Les allergies dues aux animaux
Un article de VotreEnfant.
"Depuis des temps immémoriaux, l'homme a cohabité avec des animaux; et dans une société industrielle comme la nôtre, les contacts avec les animaux sont beaucoup plus fréquents qu'on ne le croit. La puissance de l'industrie consacrée aux animaux de compagnie est telle par le nombre de milliards dépensés en publicité pour faire préférer telle marque de granulés à telle autre, que les mises en garde des spécialistes des maladies infectieuses et parasitaires, ou des allergologues, sont vouées à un échec relatif. Il faut être conscient du caractère hautement allergisant de la salive, de l'urine, des squames, des poils des animaux, et réinventer des territoires respectifs et séparés".
G. Halpern
Les maladies allergiques sont de plus en plus fréquentes dans tous les pays et représentent d'après l'OMS la 6ème pathologie mondiale. Les mutations sociologiques du XX° siècle ont transposé la majorité de la population des pays développés des zones rurales vers les agglomérations urbaines. L'habitat y est très différent et les animaux familiers qui vivaient surtout à l'extérieur des habitations dans nos campagnes sont aujourd'hui confinés dans les logements. C'est peut-être, parmi beaucoup d'autres facteurs, une des causes de l'augmentation de fréquence de l'allergie respiratoire.
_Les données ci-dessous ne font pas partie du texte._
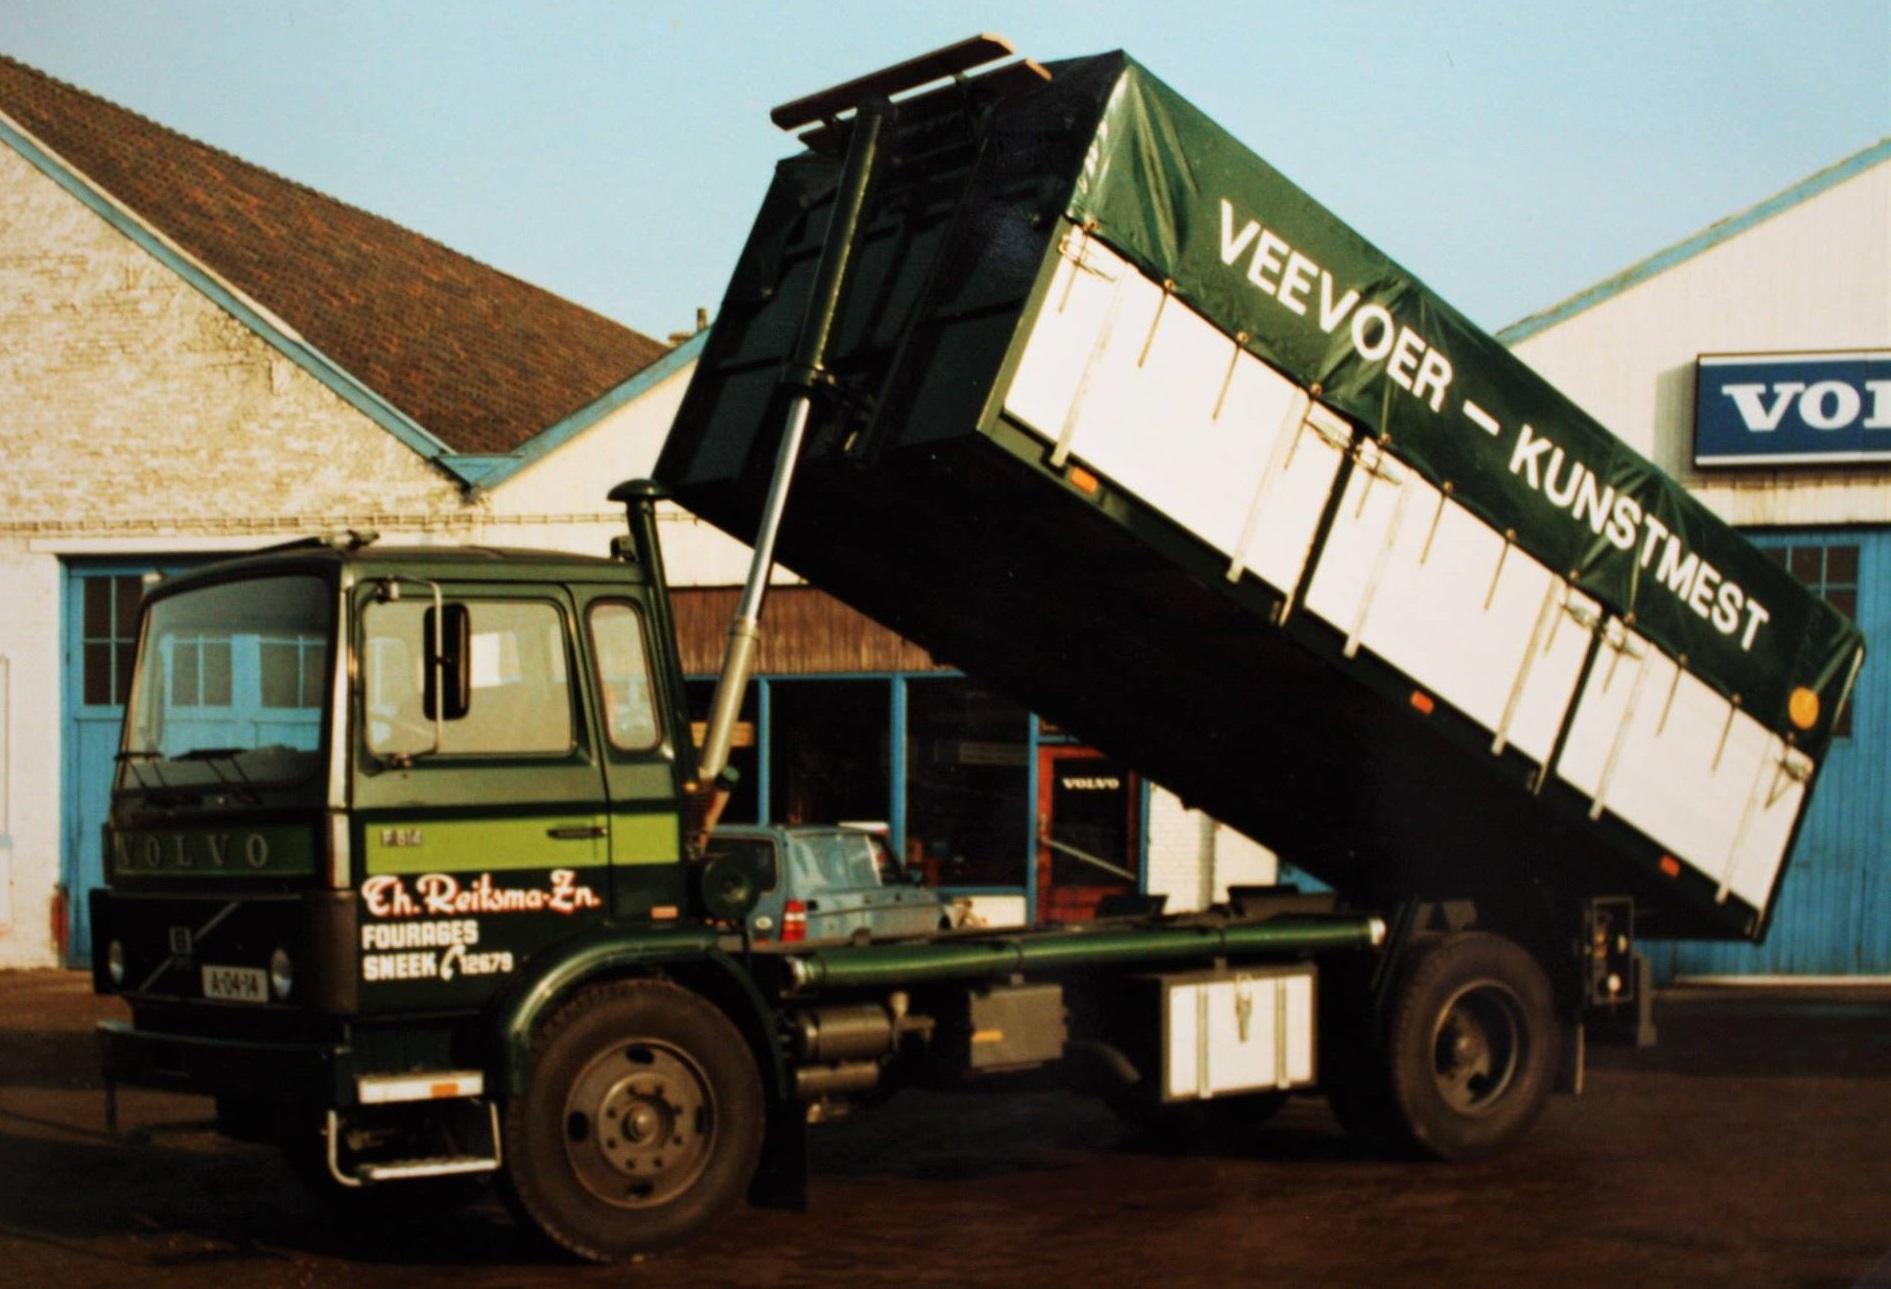 Volvo-Bulkwagen-door-Rondaan-gebouwd-voor-Th--Reitsma-enZn--Fourage-Sneek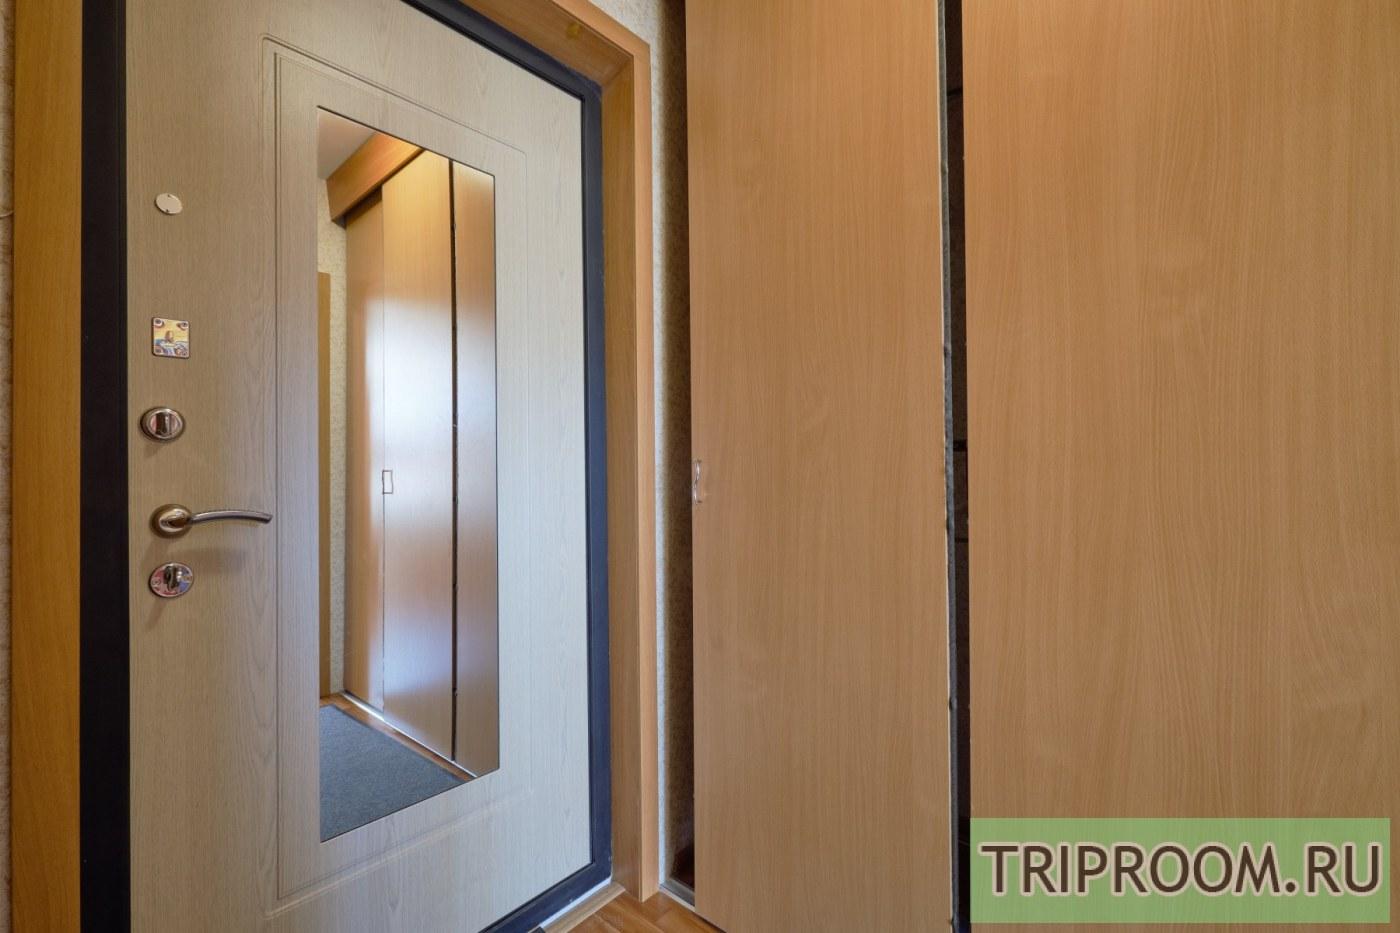 1-комнатная квартира посуточно (вариант № 22818), ул. Бабушкина улица, фото № 36

1°) Les principaux symptômes de l'allergie aux animaux
Les symptômes sont classiques. Quelques minutes après le contact avec l'animal responsable, l'enfant présente de façon diversement associée un écoulement nasal, des yeux rouges, une toux spasmodique, une crise d'asthme, de l'urticaire et parfois même un odème de Quincke.
L'allergie aux animaux est un problème régulièrement soulevé chez l'enfant perpétuellement enrhumé ou qui souffre d'infections ORL ou bronchiques à répétition. Chez l'enfant asthmatique, l'origine animale des allergies est souvent au centre des discussions médicales.
2°) Le contact avec les animaux peut être sensibilisant
"Il est frappant de voir combien de familles introduisent au foyer un animal familier, alors même qu'elles comptent un ou plusieurs allergiques avérés. Les personnes s'en justifient ultérieurement en précisant que le test était négatif vis-à-vis de l'animal en cause: malgré les conseils, ils n'ont retenu que ce résultat personnel considéré comme prédictif. Il est démontré pourtant que l'allergie au chat s'acquiert..."
G. de Montis
La salive, l'urine, les squames, les poils des animaux domestiques sont des allergènes puissants.
Les délais de sensibilisation de l'enfant peuvent être longs de l'ordre de 6 mois à 4 ans, plus longs pour le chien que pour le chat. Il semblerait que les contacts occasionnels soient plus sensibilisants que les contacts permanents (Paupe, 1985) ; c'est le cas des enfants gardés au domicile de nourrices possédant un animal. Les sensibilisations peuvent survenir en l'absence de tout contact direct avec un animal, par l'intermédiaire de vêtements ou de meubles. Plus l'environnement allergénique est riche en squames et poils d'animaux, plus la sensibilisation est facile. Le risque est maximum quand plusieurs animaux, sortant peu de la maison et dormant dans la chambre de l'enfant, vivent au foyer.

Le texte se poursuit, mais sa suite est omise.